Conventions

Our experience is that most data sets have various unique features, so ZS is an unopinionated format: we give you a hunk of JSON and a pile of binary records, and let you figure out what to put in them. But, it is nice to have some conventions for how to handle common situations. As more people use the format, these will probably evolve, but for now here are some notes.

Metadata

[XX document the metadata being used in the current gbooks files]:

"build-info": {
    "host": "morel.ucsd.edu",
    "user": "njsmith",
    "time": "2014-04-21T23:56:47.225267Z",
    "version": "zs 0.0.0-dev"
},
"corpus": "google-books-eng-us-all-20120701",
"subset": "2gram",
"record-format": {
    "separator": "\t",
    "column-types": [
        "utf8",
        "int",
        "int",
        "int"
    ],
    "type": "separated-values",
    "column-names": [
        "ngram",
        "year",
        "match_count",
        "volume_count"
    ]
}

Some other items you might want to consider including:

  • Information on the preprocessing pipeline that led to this file (for answering questions like, “is this the version that had case-sensitivity enabled, or disabled?”)
  • Bibliographic references for papers that users of this data might want to refer to or cite.
  • Your contact information.
  • Any relevant DOIs or ORCIDs.

Record format

The ZS format itself puts absolutely no limitations on the contents of individual records. You can encode your data any way you feel like. However, because indexing is done by ASCIIbetical sort order, it’s probably a good idea to choose an encoding which makes sort order meaningful. Some general principles:

  • Put the field you want to index on first; if you want to be able to index on multiple fields simultaneously, put them first, second, third, etc.

  • Beware of quoting. This arises especially for common CSV formats, where fields containing the characters , or " often get special handling. For example, suppose we have some nicely organized n-grams:

    to be , or not to be
    to be disjoint and out of frame
    'Tis Hamlet 's character . " Naked ! "
    'Tis now the very witching time
    What a piece of work is a man !
    

    If we encode these as a column in CSV format, and then sort, we end up with:

    "'Tis Hamlet 's character . "" Naked ! """
    "to be , or not to be"
    'Tis now the very witching time
    What a piece of work is a man !
    to be disjoint and out of frame
    

    Notice that every entry that contained a , or " has been wrapped in "‘s. If we want to find n-grams beginning to be or 'Tis then a simple prefix search will no longer work; when we want to find records with the prefix foo we have to remember always to search for both foo and "foo.

    Ideally there is some character that you know will never occur in any field, and you can use that for your separator – then no quoting is ever needed. This might be tab (t), or if you get desperate then there are other options like NUL (00) or newline (n) – though with these latter options you’ll lose some of the convenience of browsing your data with simple tools like zs dump, and may have to play around a bit more with zs make‘s options to construct your file in the first place.

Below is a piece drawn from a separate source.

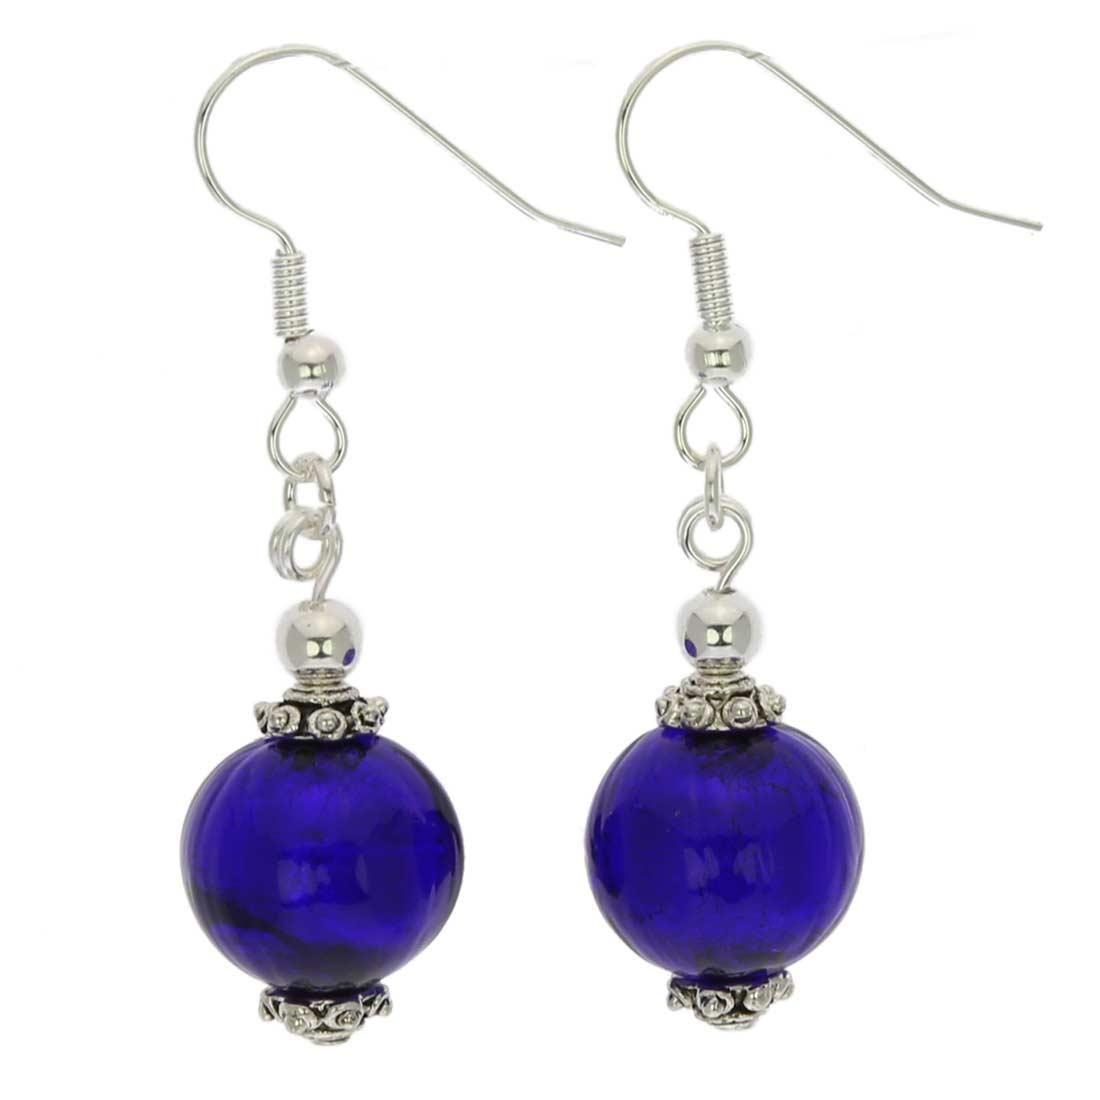 Antico Tesoro Balls Earrings - Silver Blue

    Alternatively, other quoting schemes (e.g., replacing , with \\, and \\ with \\\\) may not perfectly preserve sorting, but they do preserve prefix searches, which is often the important thing.

  • Beware of standard number formats. String-wise, "10" is less than "2", which is a problem if you want to be able to do range queries on numeric data in ZS files. Some options for working around this include using fixed-width strings ("10" and "02"), or using some kind of big-endian binary encoding. Note that the ASCII space character (0x20) sorts before all printing characters, including digits. This means that instead of padding with zeroes like in "02", it will also work to pad with spaces, " 2". Fixed width formats in general can be cumbersome to work with, but they do have excellent sorting properties.

    In the Google n-grams, the year field fortunately turns out to be fixed width (at least until Google starts scanning papyruses). And for the actual count fields, this formatting issue doesn’t arise, because we have no reason to index on them.

  • Beware of little-endian Unicode and surrogate pairs. ASCII, UTF-8, and UTF-32BE all have sensible sort orders (i.e., ASCIIbetical sort on the encoded strings is the same as lexicographic sort on code points). This is definitely not true for UTF-16LE or UTF-32LE, and is not quite true for UTF-16BE, because of the existence of surrogate pairs (see e.g.).

    Of course, if all you want are exact prefix searches, then these issues don’t really matter.

    We recommend using UTF-8 unless you have a good reason not to.

    Note that the zs command-line tool has a mild bias towards UTF-8, in that if you pass it raw Unicode characters for --start, --stop, or --prefix, then it encodes them as UTF-8 before doing the search.

If these issues turn out to cause enough problems, it may makes sense at some point to define a revised version of the ZS format which has an explicit schema for record contents, and uses a content-sensitive sort order (e.g., one that performs numeric comparison on numeric fields).